Reputation: 85
I'm trying to open up this website using python beautifulsoup and urllib but I keep getting a 403 error. Can someone guide me with this error?
My current code is this;
from urllib.request import urlopen as uReq
from bs4 import BeautifulSoup as soup
my_url = 'https://www.cubesmart.com/florida-self-storage/st--petersburg-self-storage/3337.html?utm_source=local&utm_medium=organic&utm_campaign=googlemybusiness&utm_term=3337'
uClient = uReq(my_url)
but I get the 403 error.
I searched around and tried using the approach below, but it too is giving me the same error.

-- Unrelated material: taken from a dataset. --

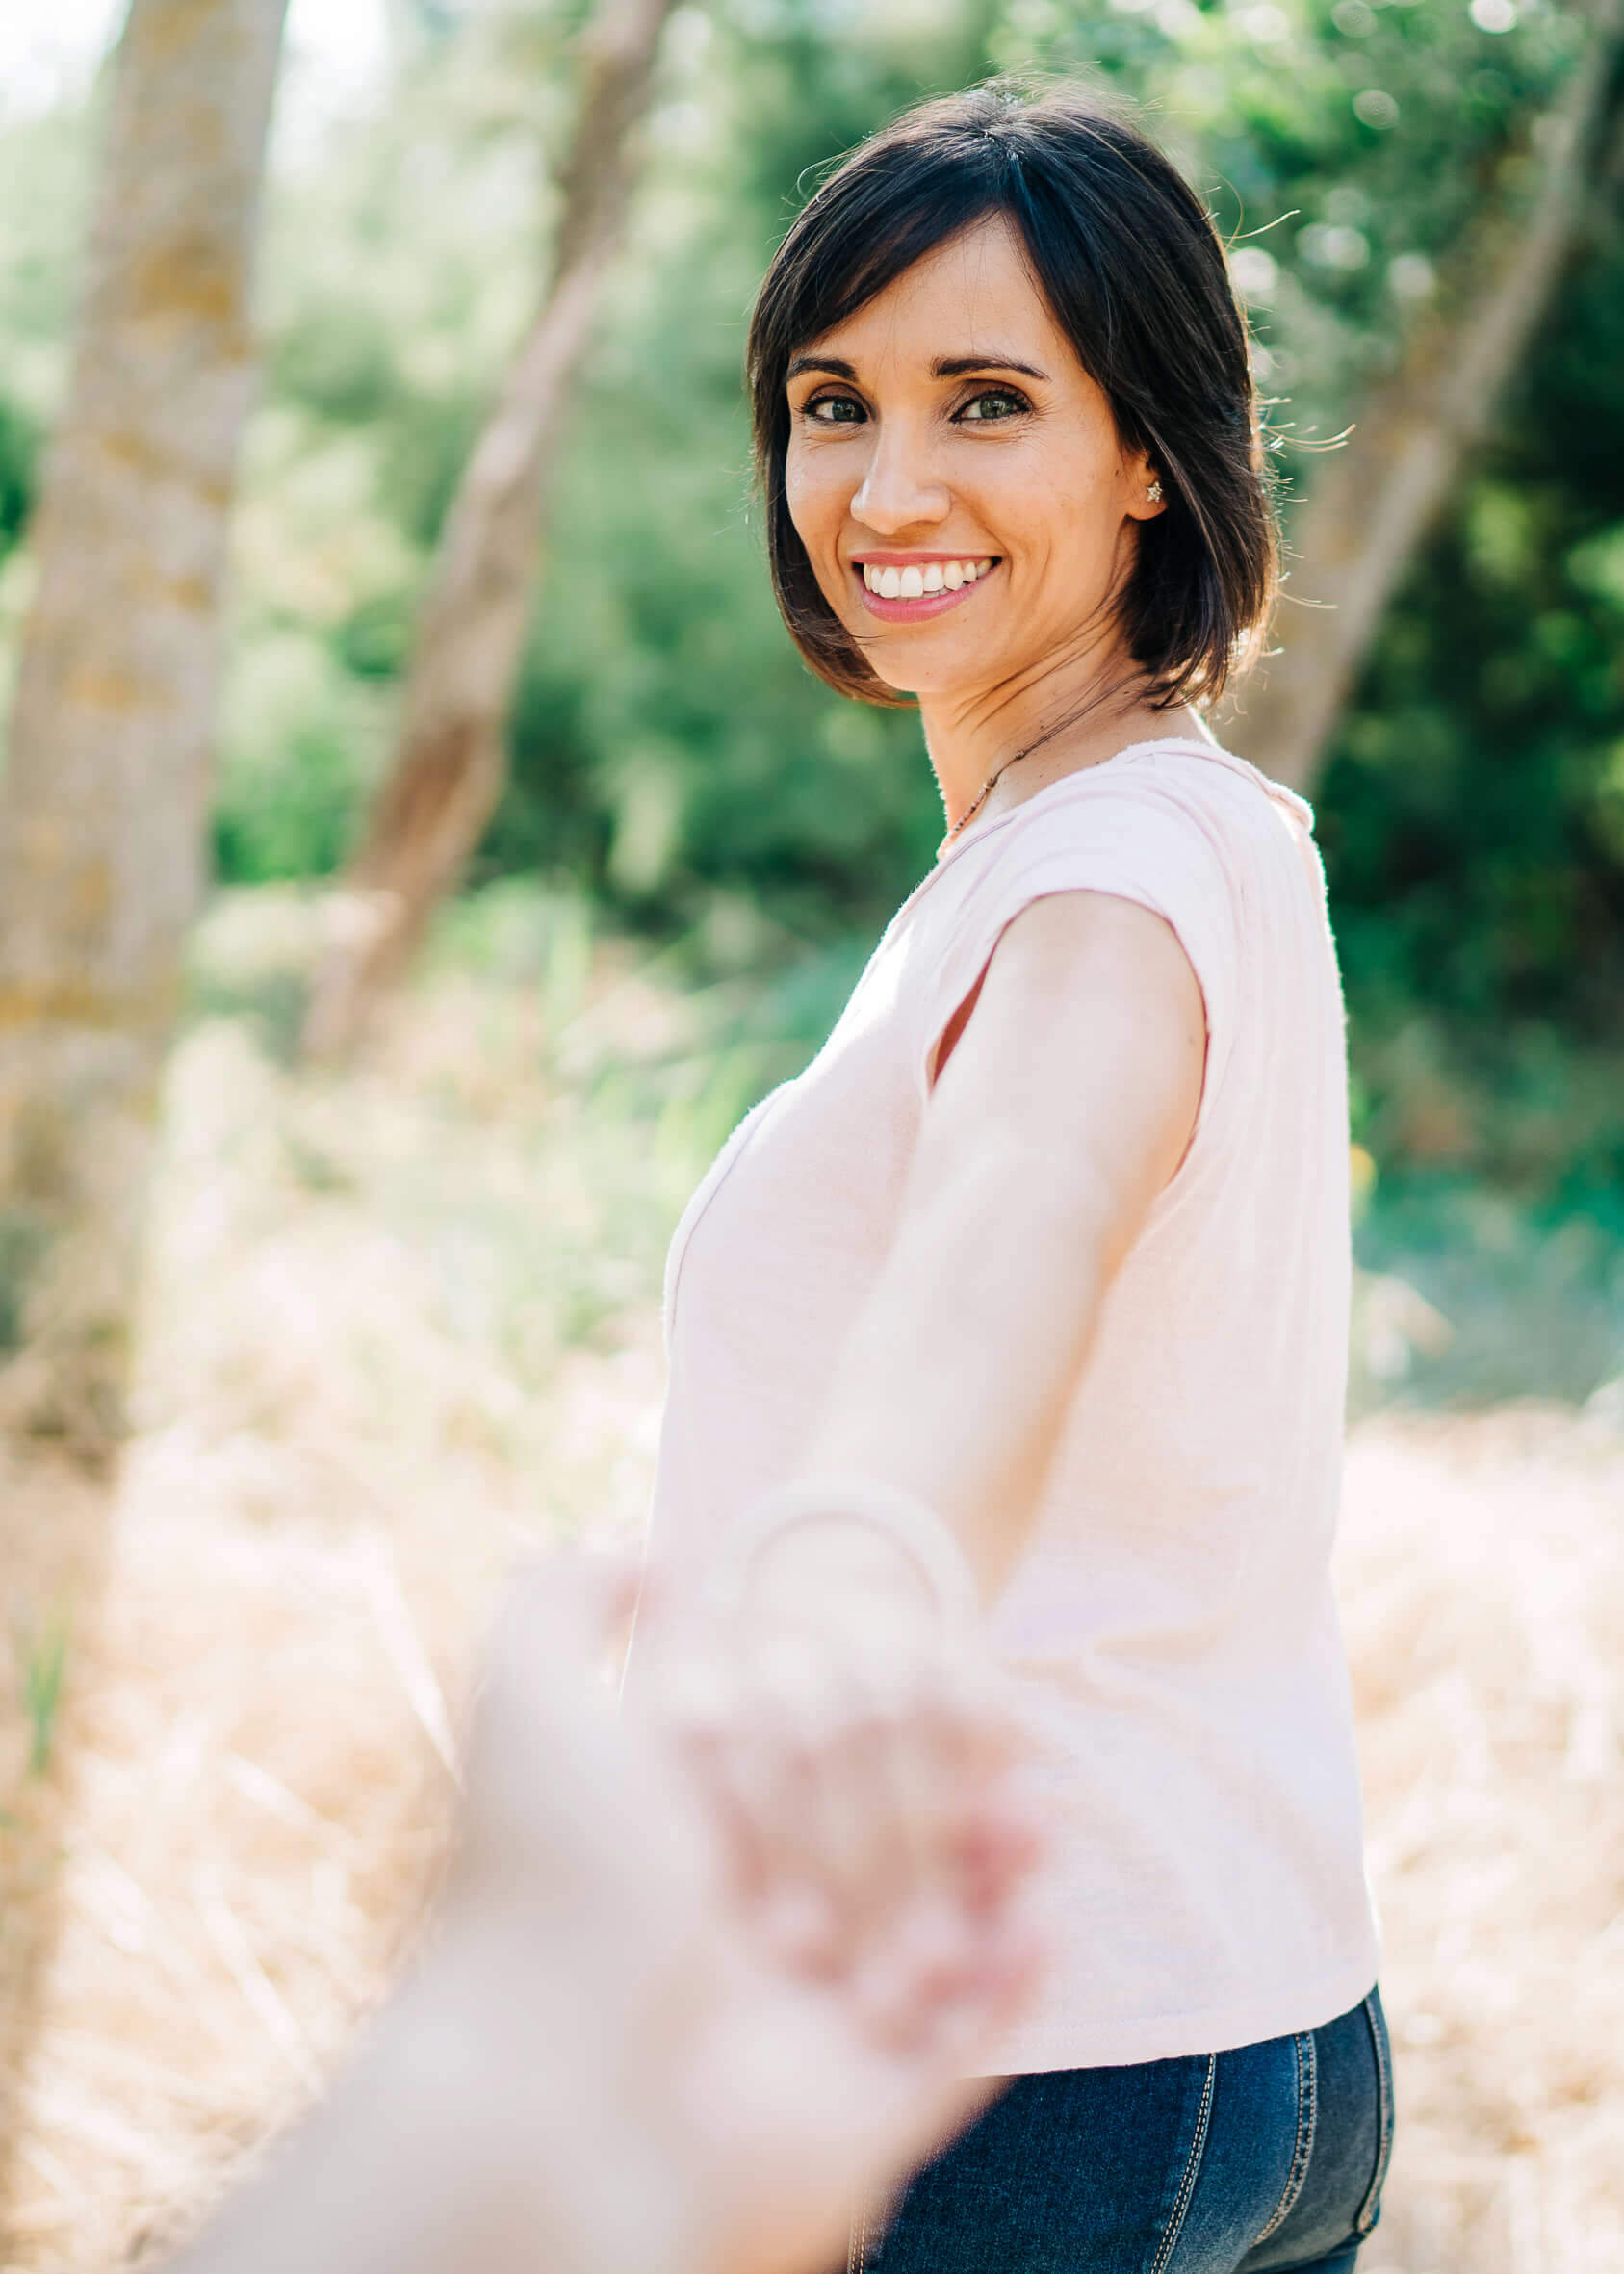 Shaila Romero - Acompáñame al bienestar

from urllib.request import Request, urlopen
url="https://www.cubesmart.com/florida-self-storage/st--petersburg-self-storage/3337.html?utm_source=local&utm_medium=organic&utm_campaign=googlemybusiness&utm_term=3337"
req = Request(url, headers={'User-Agent': 'Mozilla/5.0'})
web_byte = urlopen(req).read()
webpage = web_byte.decode('utf-8')
Any help is appreciated.
Upvotes: 3
Views: 4500
Reputation: 52665
Try to use session()
from requests
as below:
import requests
my_session = requests.session()
for_cookies = my_session.get("https://www.cubesmart.com")
cookies = for_cookies.cookies
headers = {'User-Agent': 'Mozilla/5.0 (Windows NT 6.1; Win64; x64; rv:57.0) Gecko/20100101 Firefox/57.0'}
my_url = 'https://www.cubesmart.com/florida-self-storage/st--petersburg-self-storage/3337.html?utm_source=local&utm_medium=organic&utm_campaign=googlemybusiness&utm_term=3337'
response = my_session.get(my_url, headers=headers, cookies=cookies)
print(response.status_code) # 200
Upvotes: 4